## Information shown
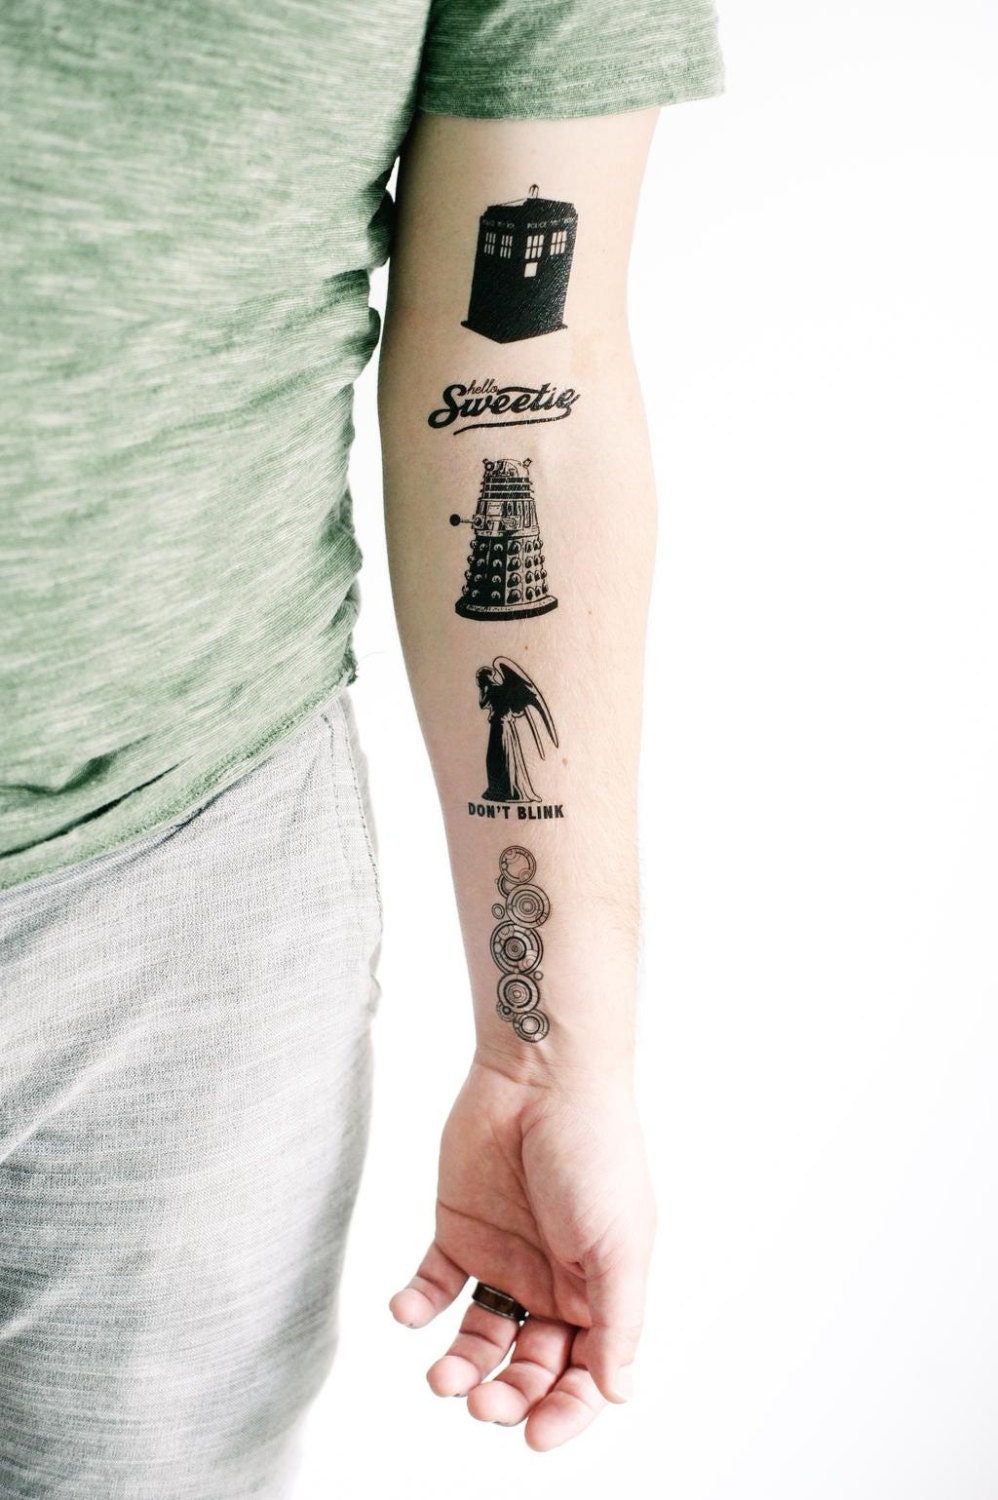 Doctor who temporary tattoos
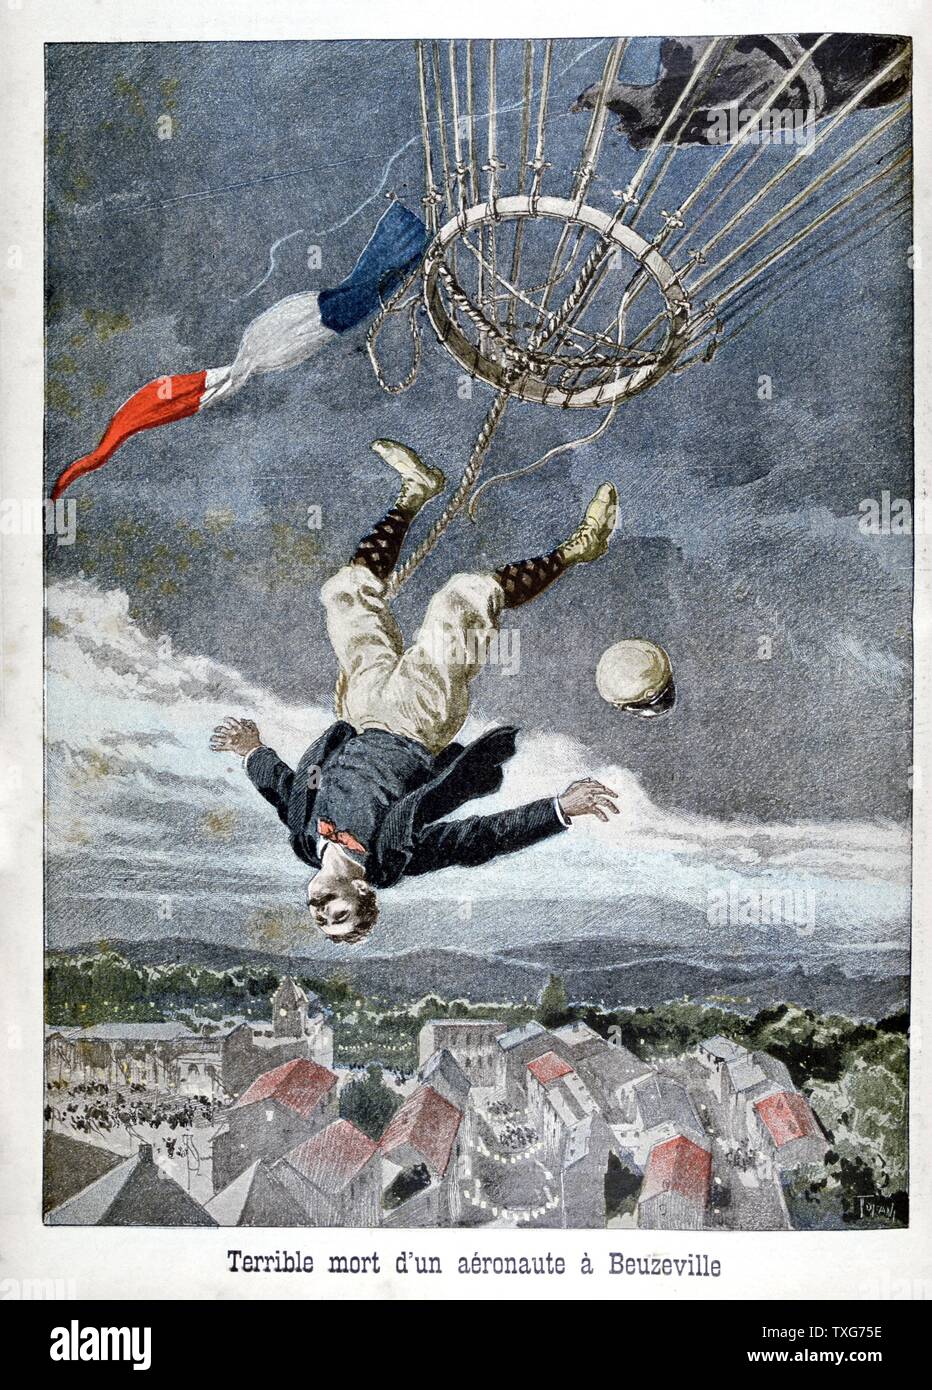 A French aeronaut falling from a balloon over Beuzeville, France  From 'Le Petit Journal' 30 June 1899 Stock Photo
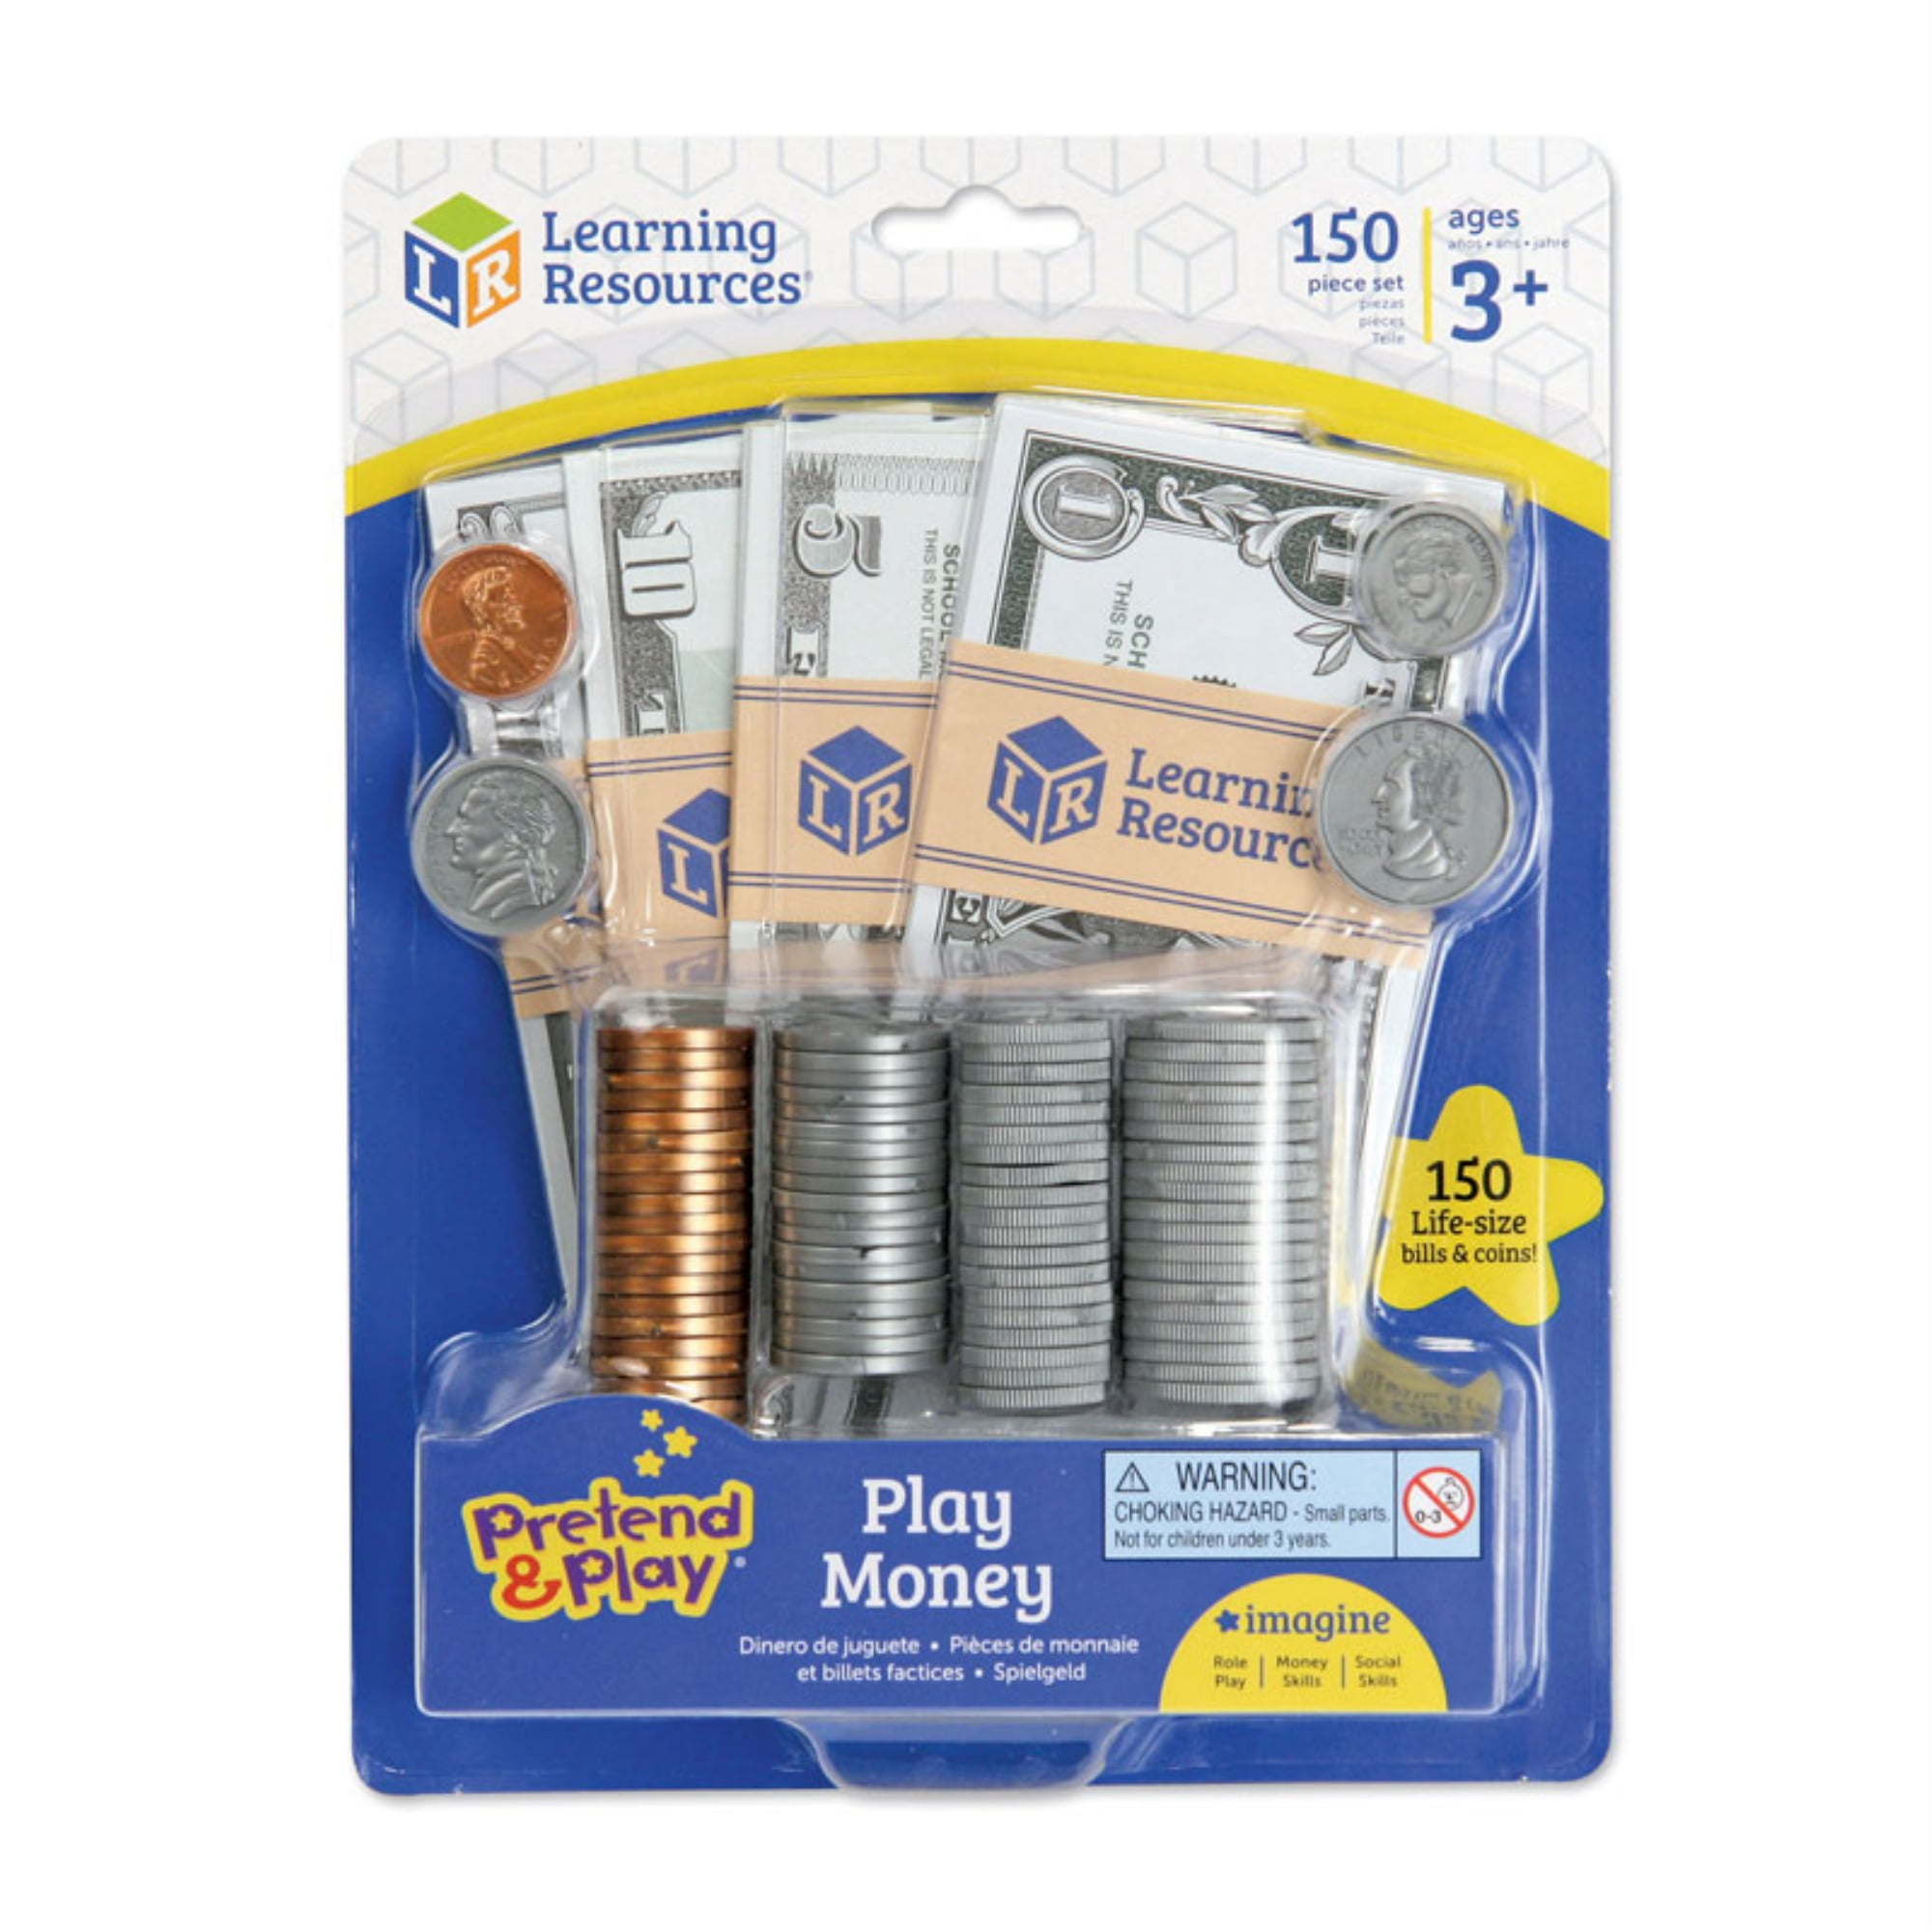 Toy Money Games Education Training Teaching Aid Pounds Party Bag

## Problem to solve
An exact copy of the data is required, with the pictures excluded.

## Finished task
 Doctor who temporary tattoos
 A French aeronaut falling from a balloon over Beuzeville, France  From 'Le Petit Journal' 30 June 1899 Stock Photo
 Toy Money Games Education Training Teaching Aid Pounds Party Bag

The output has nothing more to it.